There’s not the relationship seen previously between valence and divergence.

But, in exploring the relationship between these variables and frequency, there’s an interaction between valence and frequency: We only see the effect above on high frequency words.

valence.interaction.df = quantsent.x2s %>%
     filter(!is.na(V.Mean.Sum) & !is.na(Lg10WF)) %>%
     mutate(freq.bin = ifelse(Lg10WF> median(.$Lg10WF), "high", "low"),
            freq.bin = as.factor(freq.bin))

kable(tidy(lm(x2 ~ V.Mean.Sum  * Lg10WF, data = quantsent.x2s)))

term	estimate	std.error	statistic	p.value
(Intercept)	8.9541247	1.1700303	7.6528999	0.0000000
V.Mean.Sum	0.3812893	0.2141945	1.7801074	0.0751001
Lg10WF	-0.0174352	0.4582840	-0.0380444	0.9696533
V.Mean.Sum:Lg10WF	-0.1519557	0.0820631	-1.8516929	0.0641104

ggplot(valence.interaction.df, aes(x = V.Mean.Sum, y = x2, group = freq.bin, color = freq.bin)) +
  geom_smooth(method  = "lm") +
  theme_bw()

And a reliable interaction between arousal and frequncy: High arousal words diverge more, but only for high frequency words.

arousal.interaction.df = quantsent.x2s %>%
     filter(!is.na(A.Mean.Sum) & !is.na(Lg10WF)) %>%
     mutate(freq.bin = ifelse(Lg10WF> median(.$Lg10WF), "high", "low"),
            freq.bin = as.factor(freq.bin))

kable(tidy(lm(x2 ~ A.Mean.Sum * Lg10WF, data = quantsent.x2s)))

term	estimate	std.error	statistic	p.value
(Intercept)	13.6985480	1.2996694	10.540025	0.0000000
A.Mean.Sum	-0.6468044	0.3053800	-2.118031	0.0342062
Lg10WF	-2.1090484	0.5023101	-4.198698	0.0000272
A.Mean.Sum:Lg10WF	0.3026243	0.1175198	2.575093	0.0100409

ggplot(arousal.interaction.df, aes(x = A.Mean.Sum, y = x2, group = freq.bin, color = freq.bin)) +
  geom_smooth(method  = "lm") +
  theme_bw()

And a reliable interaction between arousal and frequncy: High arousal words diverge more, but only for high frequency words.

arousal.interaction.df = quantsent.x2s %>%
     filter(!is.na(A.Mean.Sum) & !is.na(Lg10WF)) %>%
     mutate(freq.bin = ifelse(Lg10WF> median(.$Lg10WF), "high", "low"),
            freq.bin = as.factor(freq.bin))

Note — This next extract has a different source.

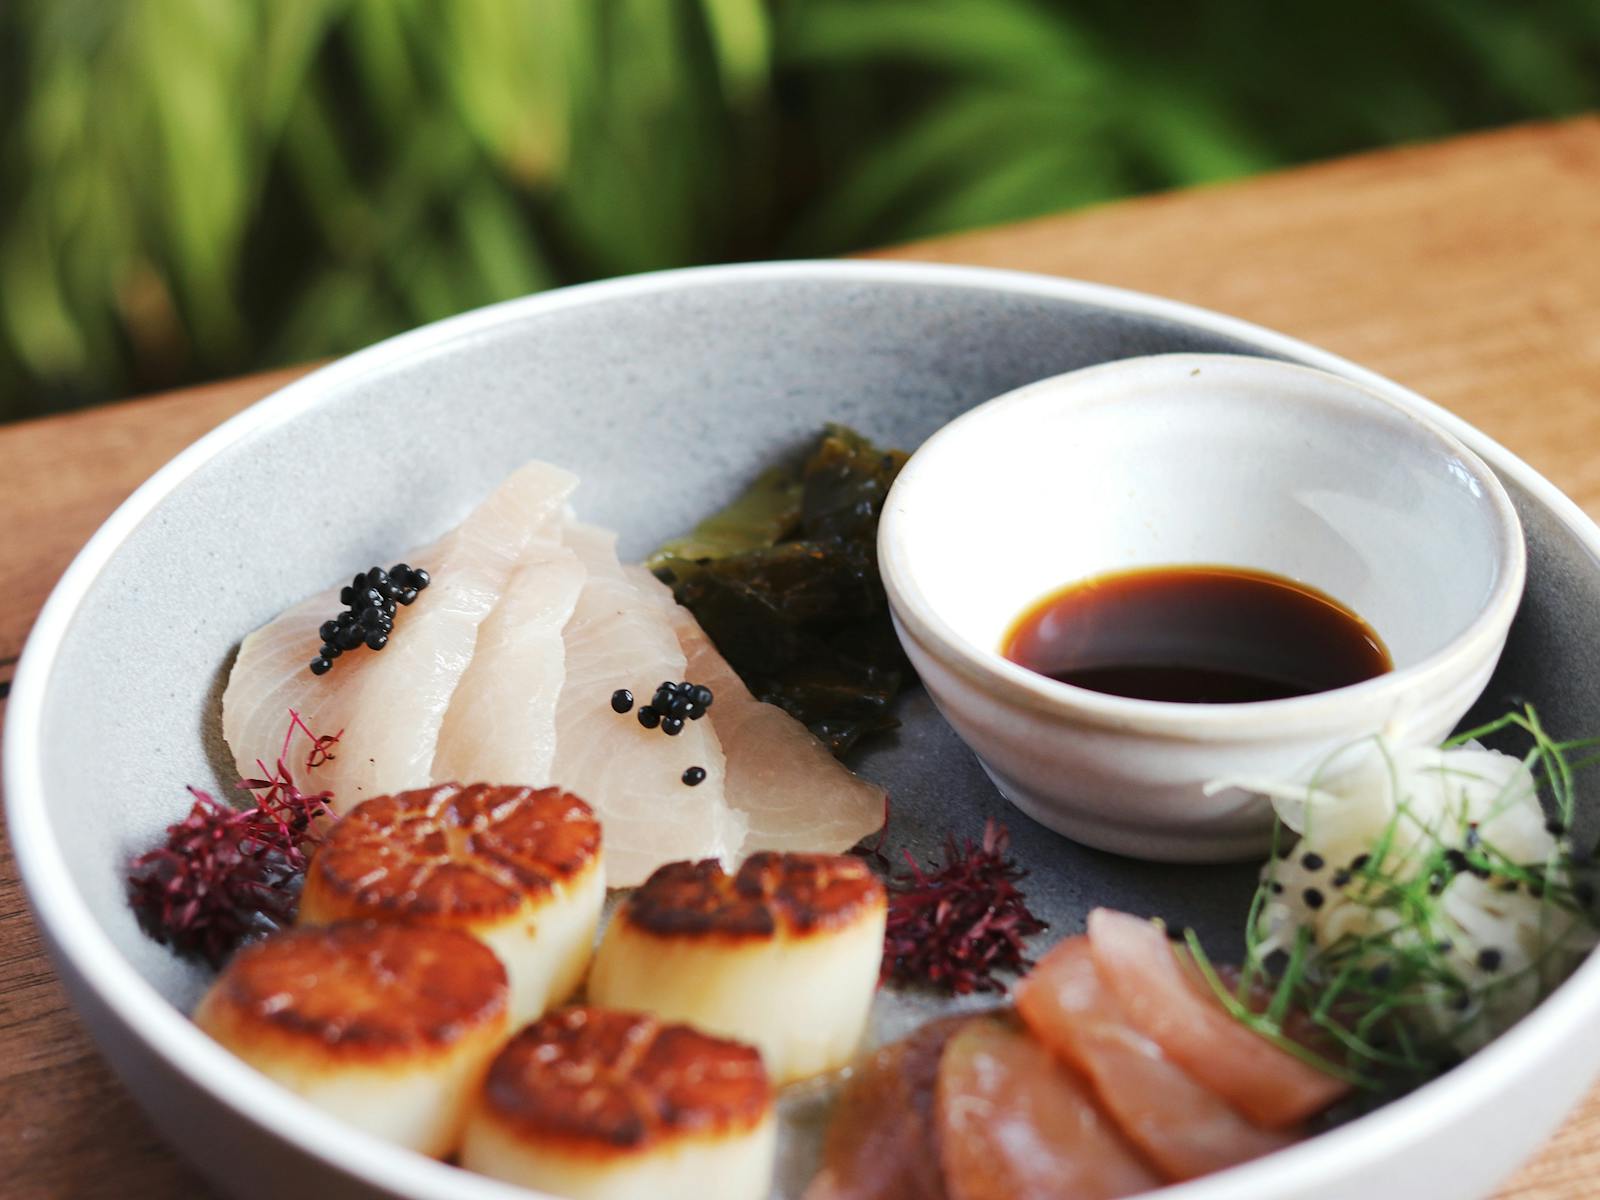 A bowl features scallops, kingfish, ocean trout with a small bowl of ponzu sauce

kable(tidy(lm(x2 ~ D.Mean.Sum + Lg10WF, data = quantsent.x2s)))

term	estimate	std.error	statistic	p.value
(Intercept)	11.6450557	0.4759275	24.468131	0.0000000
D.Mean.Sum	-0.1326833	0.0790447	-1.678585	0.0932758
Lg10WF	-0.8166904	0.1108184	-7.369631	0.0000000

ggplot(arousal.interaction.df, aes(x = D.Mean.Sum, y = x2, group = freq.bin, color = freq.bin)) +
  geom_smooth(method  = "lm") +
  theme_bw()

In sum, for x2, for high frequency words there is more diverence for words that are low valence, high arousal, and (a trend toward) low dominance. This holds controling for frequency.